In fact, it is far less the supposed dominance of the movements in the Democratic Party than the influence of Wall Street and corporate money that impedes building a bold new governing strategy. It is not women, civil rights or union movements that lead Democrats to embrace a bipartisan corporate trade strategy serving multinationals but not the nation; or that cause Democrats to help pass top-end tax cuts, that make them vote to keep CEO stock options off the books or that make them wary about backing national healthcare. To revive a true politics of the public interest, Democrats will have to challenge the grip that corporate money and conservative economic ideology have on the party.

Similarly, on foreign policy, the bipartisan assumption that the United States should police the world comes, obviously, from the corporate establishment, not the peace movement. The current rage in center-right Democratic circles is to resuscitate Harry Truman, substitute bin Laden for Stalin and jihadism for communism, and summon America to a new global struggle--claiming for Democrats a muscular tradition of collective security, in contrast to Bush's "conservative unilateralism." Neocons like Peter Beinart, fresh from cheering the country into the Iraq debacle, join New Dems like Al From in urging Democrats to prove their resolve by purging the left--the "MoveOn, Michael Moore wing"--from the Democratic Party. Members of the DLC call on the United States to increase its military spending, expand its expeditionary forces and "put the economy on a wartime footing." They pledge to "rally the American people" to sustain an "extended and robust" occupation in Iraq. And they urge the United States to intervene aggressively in the Middle East with a "sweeping program of economic, political and social reform." Since the DLC also pledges to reduce the budget deficits at the same time, Americans will have to tighten their belts to support such a mission.

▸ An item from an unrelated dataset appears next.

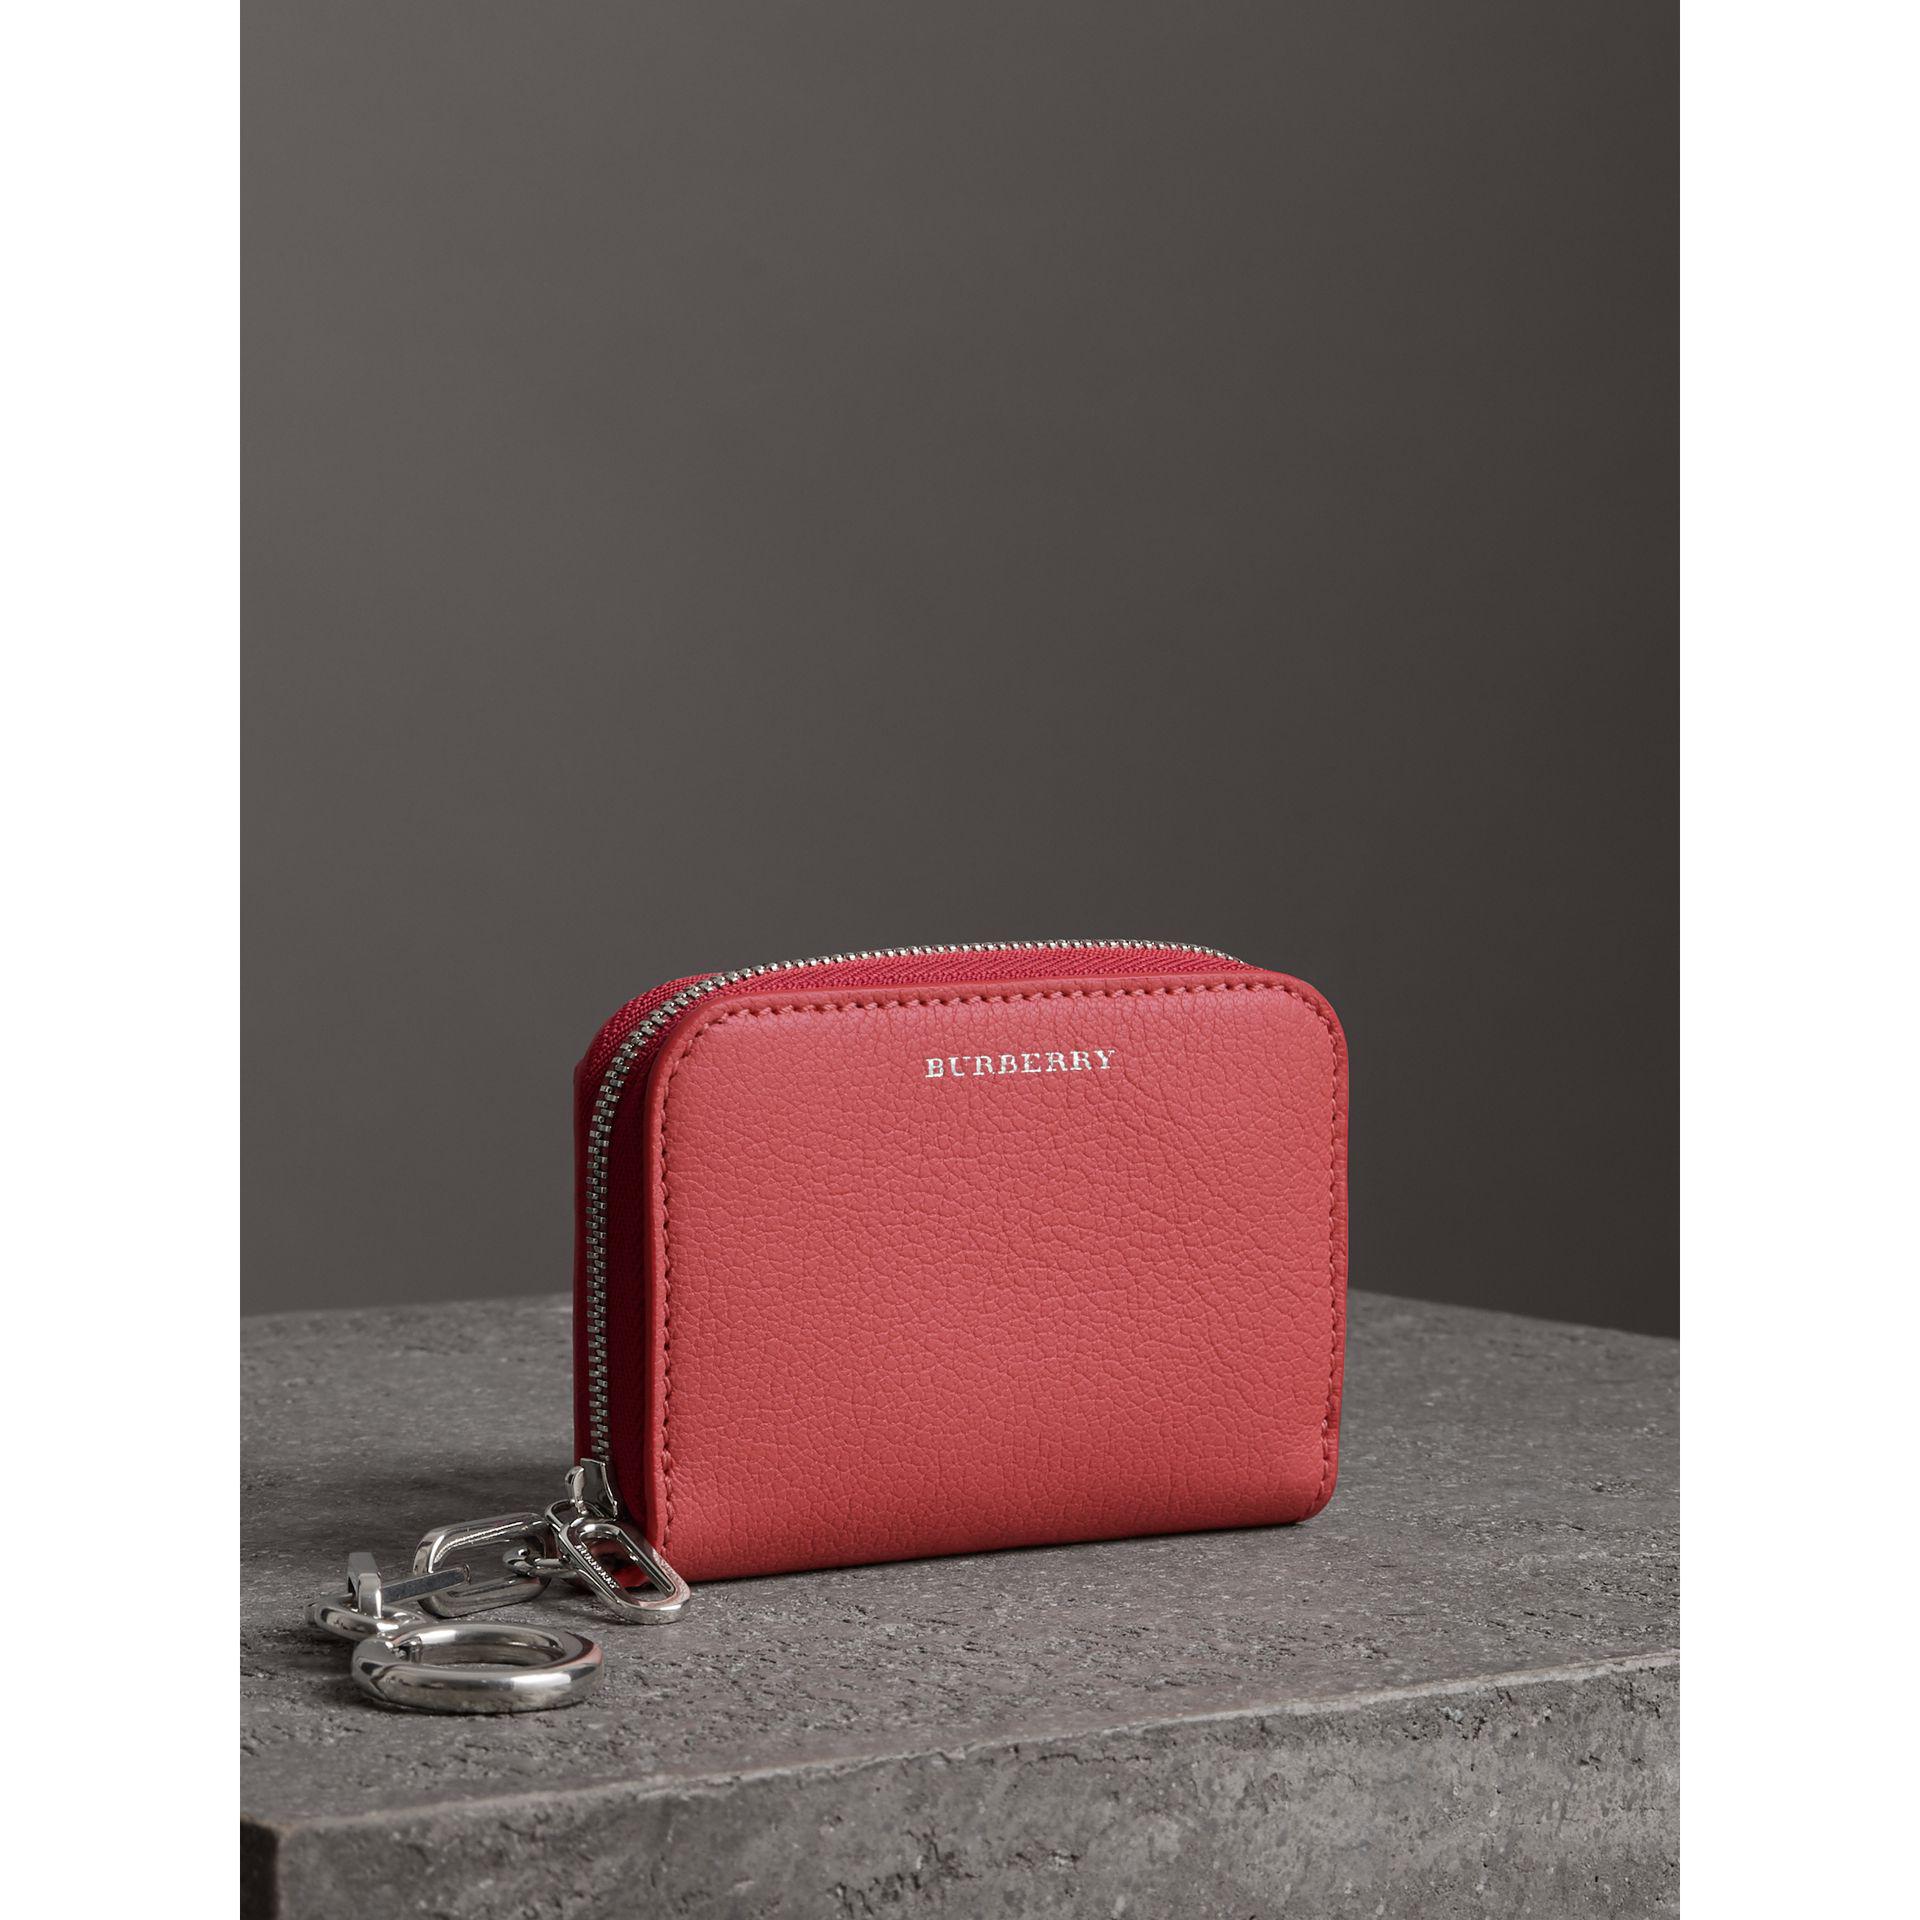 burberry link detail leather ziparound wallet

This posture is deeply flawed. It distorts the threat and gets the response wrong. The problems of the Muslim world are not caused by the United States and the West having intervened too little. We need a policy on Islamist terrorists that isolates them rather than inflates them: alliances, intelligence cooperation, joint efforts to delegitimize their fanaticism, aggressive policing to bring them to justice. We need a strategy for America in a world very different from that of the end of World War II, when the dollar was literally as good as gold. This, once more, will require challenging the grip of multinational corporations and banks and their ideological fixation on building a global market protected from national regulation. Only then will we be able to define a "common good" politics that can help make the global economy work for the many and not the few.

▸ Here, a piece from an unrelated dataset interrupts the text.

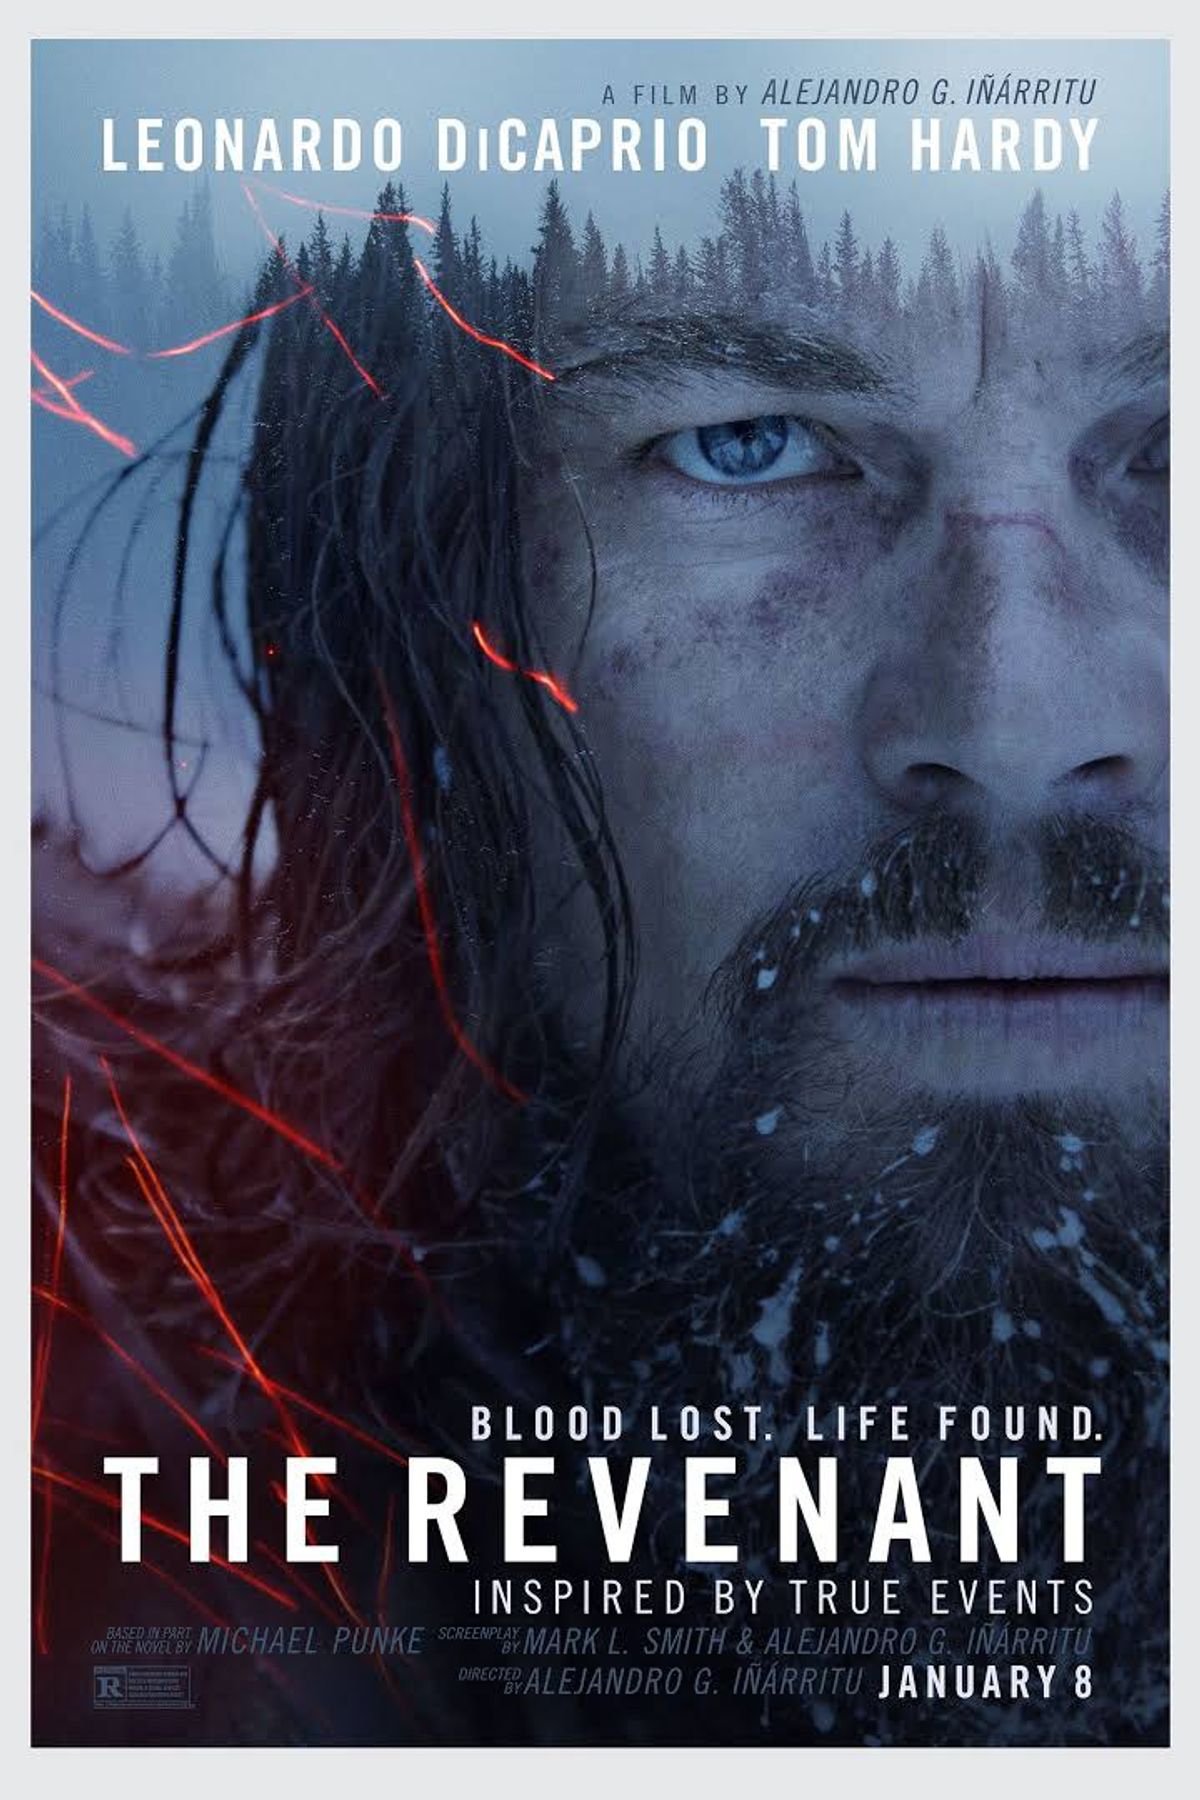 'The Revenant': More Than Just A Revenge Story

If we are to reclaim a bold progressive politics, then the fantasy candidate will be one willing to tell a gathering of investment bankers that he or she doesn't need their money but would like their support to champion the public interest. This won't soon be the consensus position of the Democratic Party. It will require the building of an independent progressive movement willing to challenge entrenched interests and ideology, and able to support candidates and causes while building efforts to curb the influence of big money in politics.

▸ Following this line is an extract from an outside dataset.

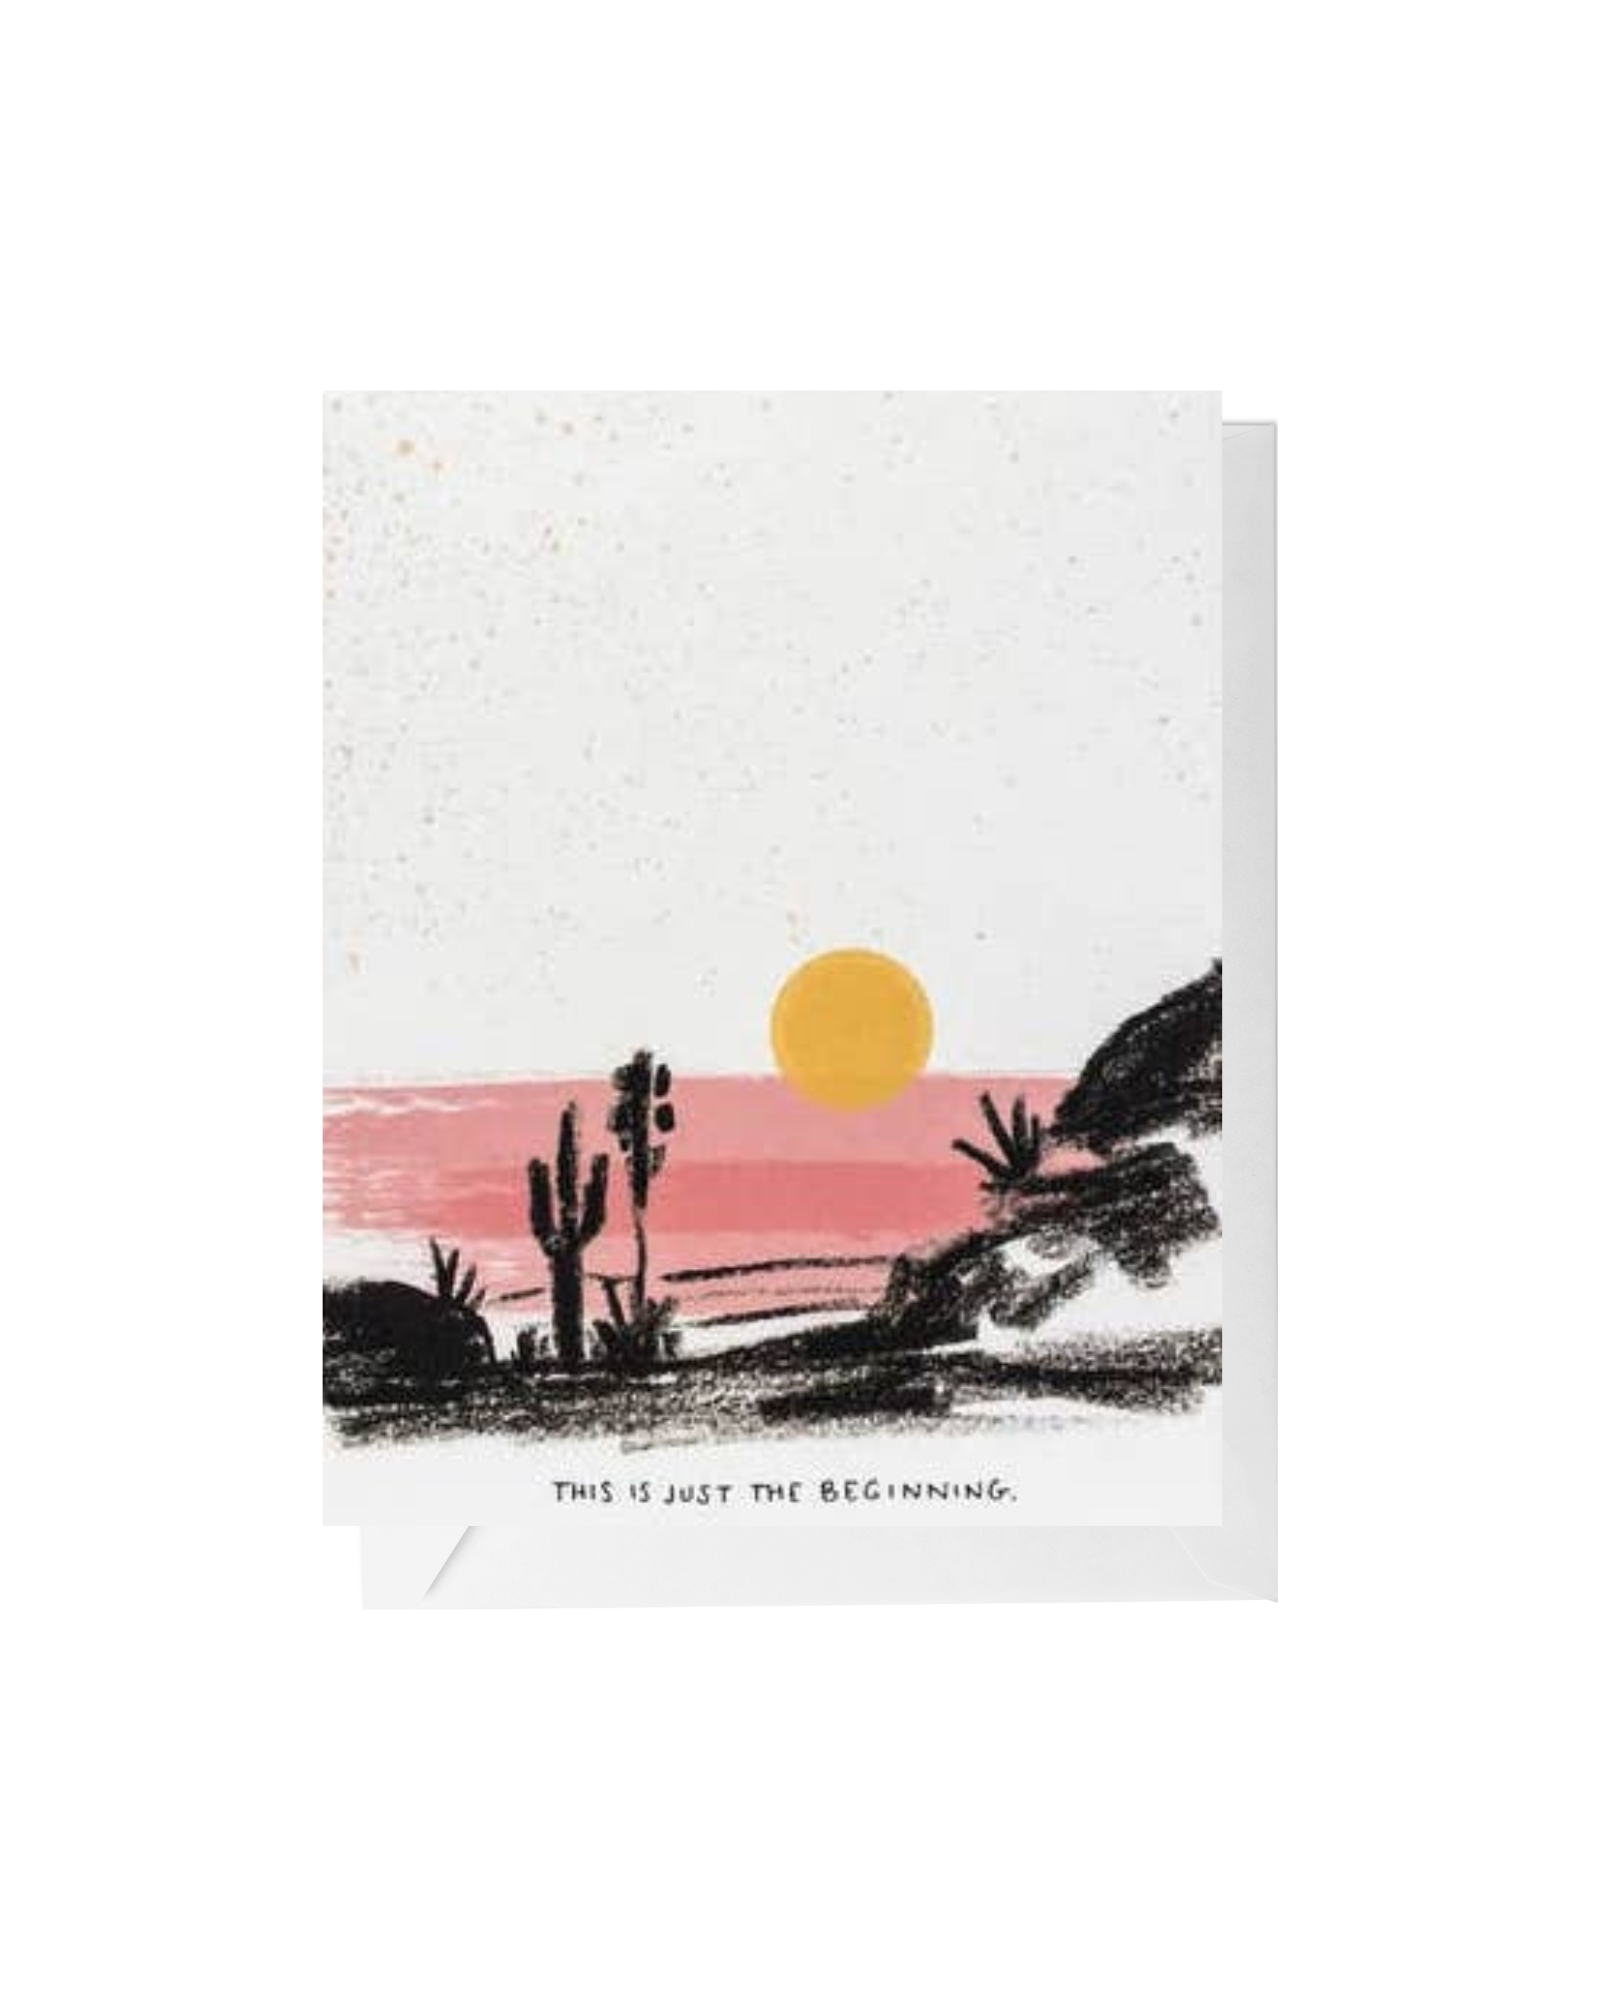 Greeting card with a charcoal desert sketch and the words "this is just the beginning" at the bottom center

This effort has only just begun, but surprising progress is possible in 2006. Forceful populists like Bernie Sanders of Vermont and Sherrod Brown of Ohio could help transform the debate if elected to the Senate. Audacious challenges--like that of Ned Lamont in taking on Joe Lieberman for the US Senate nomination in Connecticut--will help sober sitting Democrats about the need to represent their voters. New capacity--from the insurgent activism of MoveOn.org and the brassy blogosphere to the AFL-CIO's new community affiliate Working America's reach into middle America--will provide a greater ability to define the future, not simply to decry it.

The MoveOn wing of the party isn't about to be purged by the folks who helped propel us into Iraq. The democratic wing of the Democratic Party, in Paul Wellstone's--and later Howard Dean's--phrase, is expanding in influence and number. In response to Bush's forceful but failed project, progressives across the country are developing a feisty, populist politics that just may drive Democrats toward a real politics of the common good.